Chaos Result: This resource is created by the experiment and is used to store details of the experiment run. It contains important experiment level details like the current Verdict (Awaited, Passed, Failed), the current status and the nature of the experiment results, the Chaos Engine reference, salient application/result attributes. It is also a source for metrics collection. It is updated/patched with the status of the experiment run. It is not removed as part of the default cleanup procedures to allow for extended reference.

The Run Time Flow

The first and foremost step is to install Litmus, either by directly applying the Kubernetes manifest or by doing a helm install of the litmus chart.

helm install litmuschaos  --namespace litmus ./charts/litmus-2-0-0-beta/

kubectl apply -f https://raw.githubusercontent.com/litmuschaos/litmus/master/litmus-portal/cluster-k8s-manifest.yml

NOTE: Take a look at the detailed installation instructions to have Litmus installed step by step in your system

Once Litmus has been installed in your cluster, it'd create the CRDs and the Chaos Operator as a part of the installation. Once you have the basic CRDs up and running in your cluster, you can pull your experiments from the Hub of experiments, the ChaosHub, containing 30+ experiments for you to try out.
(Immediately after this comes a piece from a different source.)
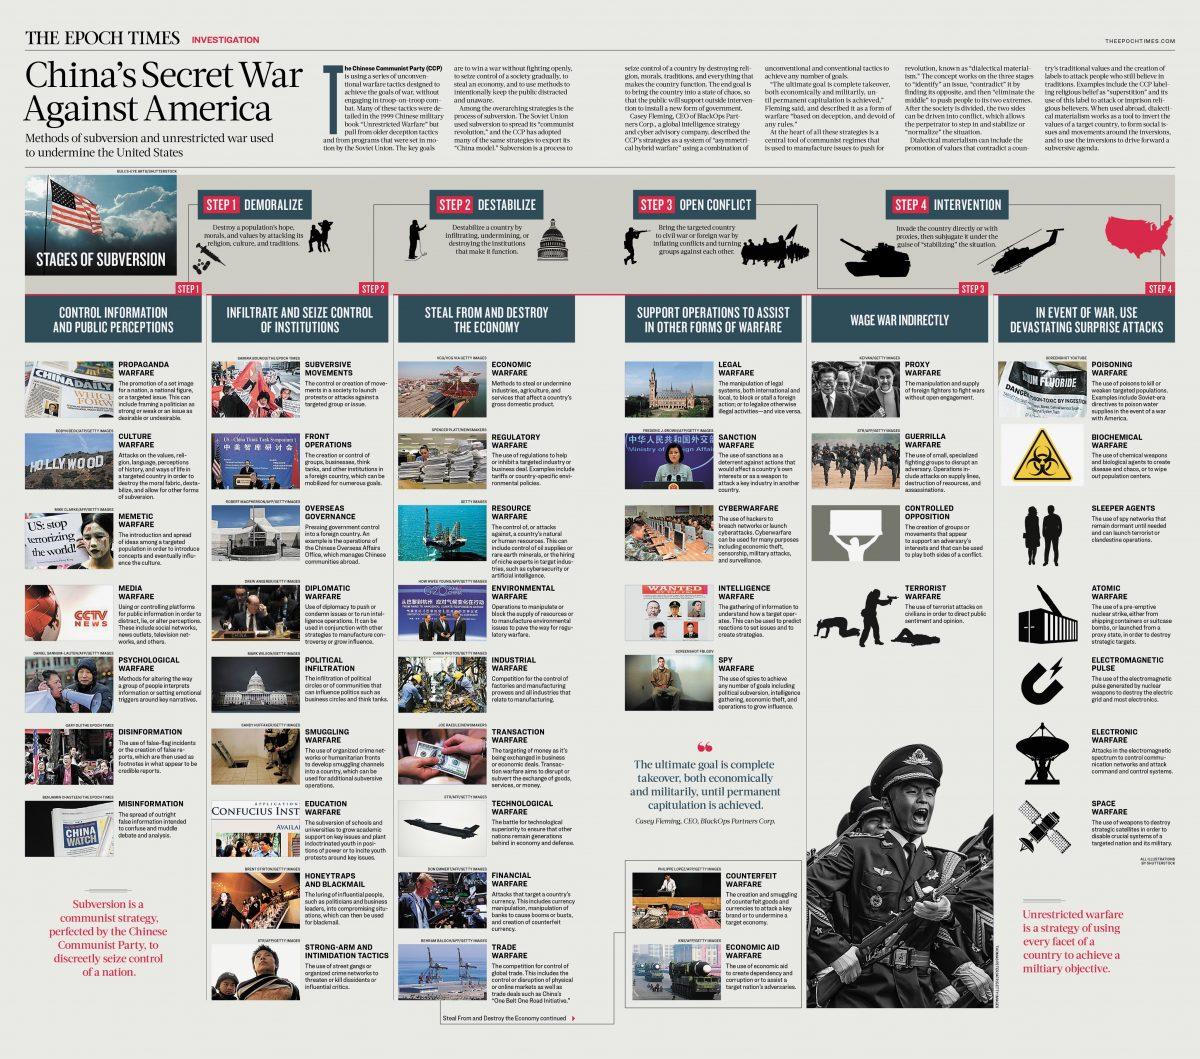 https://i1.wp.com/globaleconomicwarfare.com/wp-content/uploads/2018/03/Epoch-Times.jpg
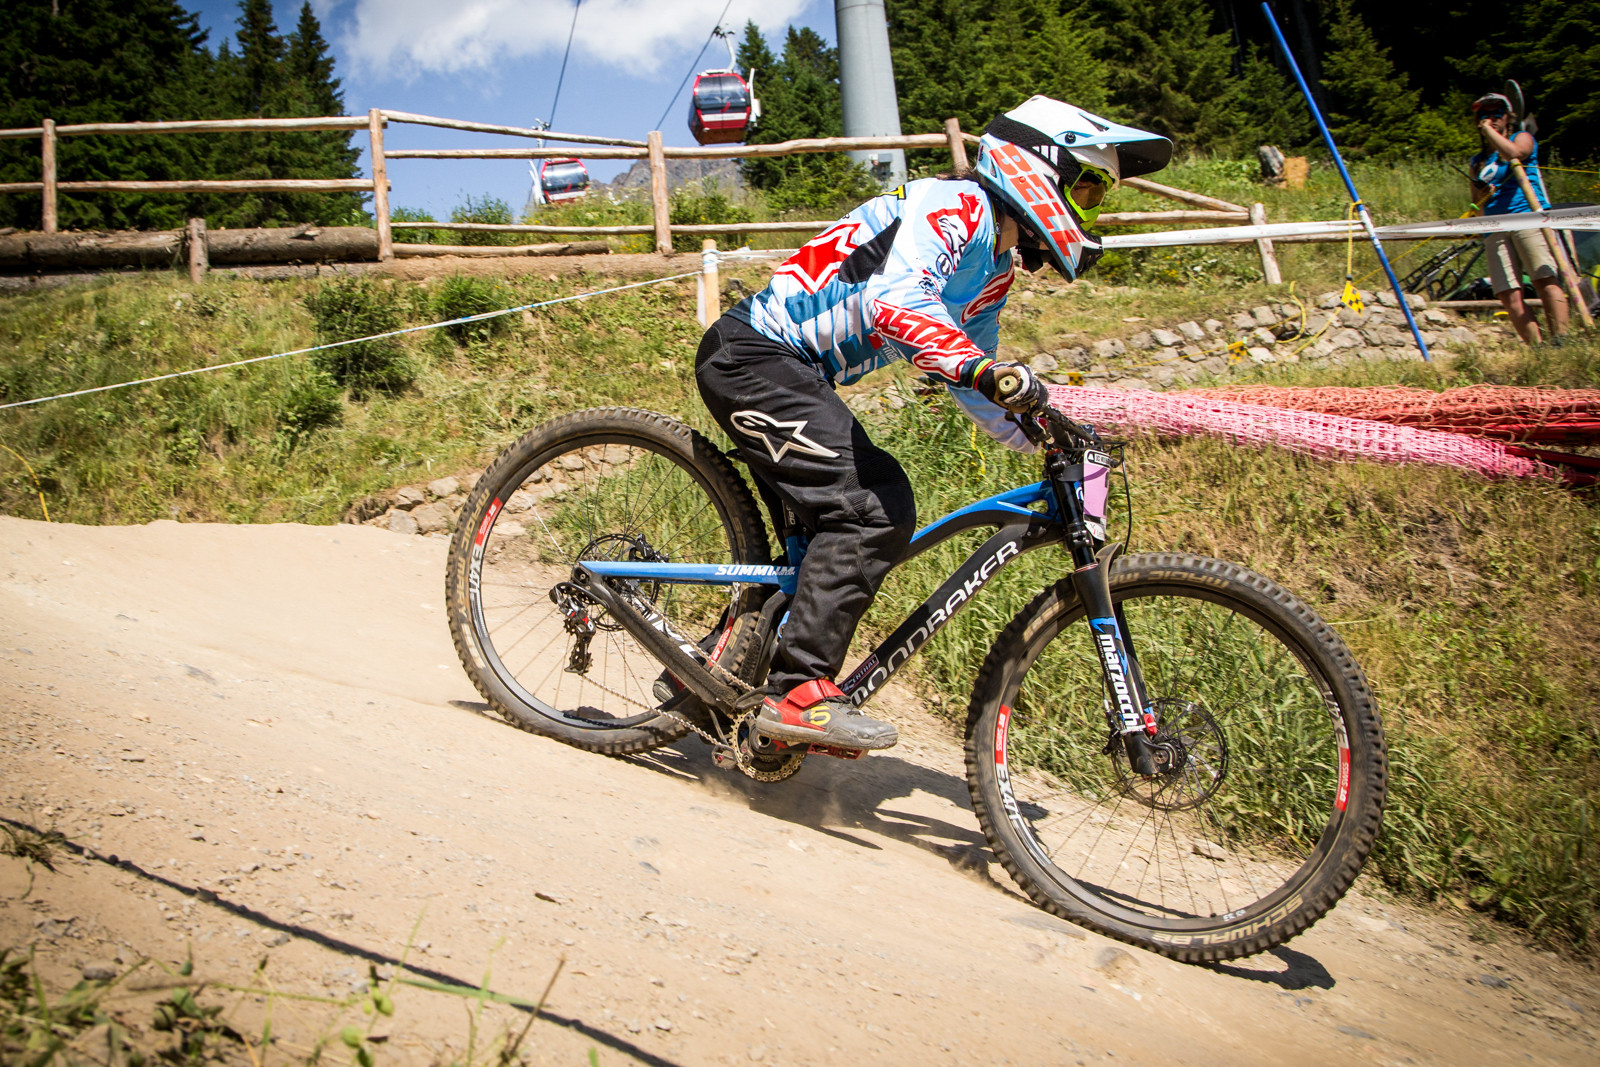 Emmeline Ragot, G-Out Project, Lenzerheide World Cup - G-Out Project - Lenzerheide World Cup - Mountain Biking Pictures - Vital MTB

After successfully pulling the experiment in your cluster as CRs, the ChaosEngine has to be created which binds your application instance to the chaos experiment you just pulled. This whole time, the Chaos Operator keeps a watch at the ChaosEngine and as soon as it detects a new experiment installation it spawns up a Chaos Runner which is responsible for executing the Chaos Experiment with the help of Experiment Jobs (The Jobs are spawned by the Chaos Runner based on how you have created the Chaos Engine)

These Experiment Jobs then create the Chaos Results, which are continually updated as the experiment is being executed. The Chaos Runner listens to these results and patches them to the Chaos Engine accordingly.

How the Chaos Operator works

Now at this point, we are already aware of Chaos Engine being one of the important Custom Resources in this project, but there's much more to it that just binding application instances. The Chaos Engine CR is what holds the crucial information of which is the target application to induce chaos on!

The Operator on the other hand is responsible for identifying whether the target application is existing on the cluster from the Chaos Engine (It does so with the help of app namespace and app label which is defined as a part of the Chaos Engine CRD). Once it gets confirmation that these applications are present on the cluster, it does a routine annotation check (Can be turned off as well, but in case you are someone worried about controlling the blast radius, do keep it enabled).

Next comes validating the policies/run properties that have been constructed as a part of Chaos Engine (Default as well as when modified), the Engine is what holds the service accounts which is responsible for creating the Chaos Runner and Experiment Pods (RBAC). Role Bindings are very helpful when it comes to assessing the permissions you have given for a workflow or individual experiments. It is then followed by a validation of the experiment tunables that had been overridden on added, for example, adding a new ConfigMap to push some secret to it, Overriding the default experiment parameters, pushing instance-specific data dynamically during experiment run, etc.

The operator also takes note/validates the Chaos Runner attributes as well, it checks whether the pull policy, the set of images and arguments are correct or not, it comes really handy when you are targeting infra changes.

Job Cleanup Policy

This is a tunable property of the workflow which decides whether you want to clear all the resources used for inducing chaos in your application and revert it back to the original state, or you want to retain all the resources created and use it to export metrics in your own Analytical solutions.

Monitoring

The operator is also responsible for monitoring your application state, if this tunable is set to true then the experiment metrics are monitored. The operator ensures that these metrics are collected and enables the exporter to scrape them from the Chaos Engine.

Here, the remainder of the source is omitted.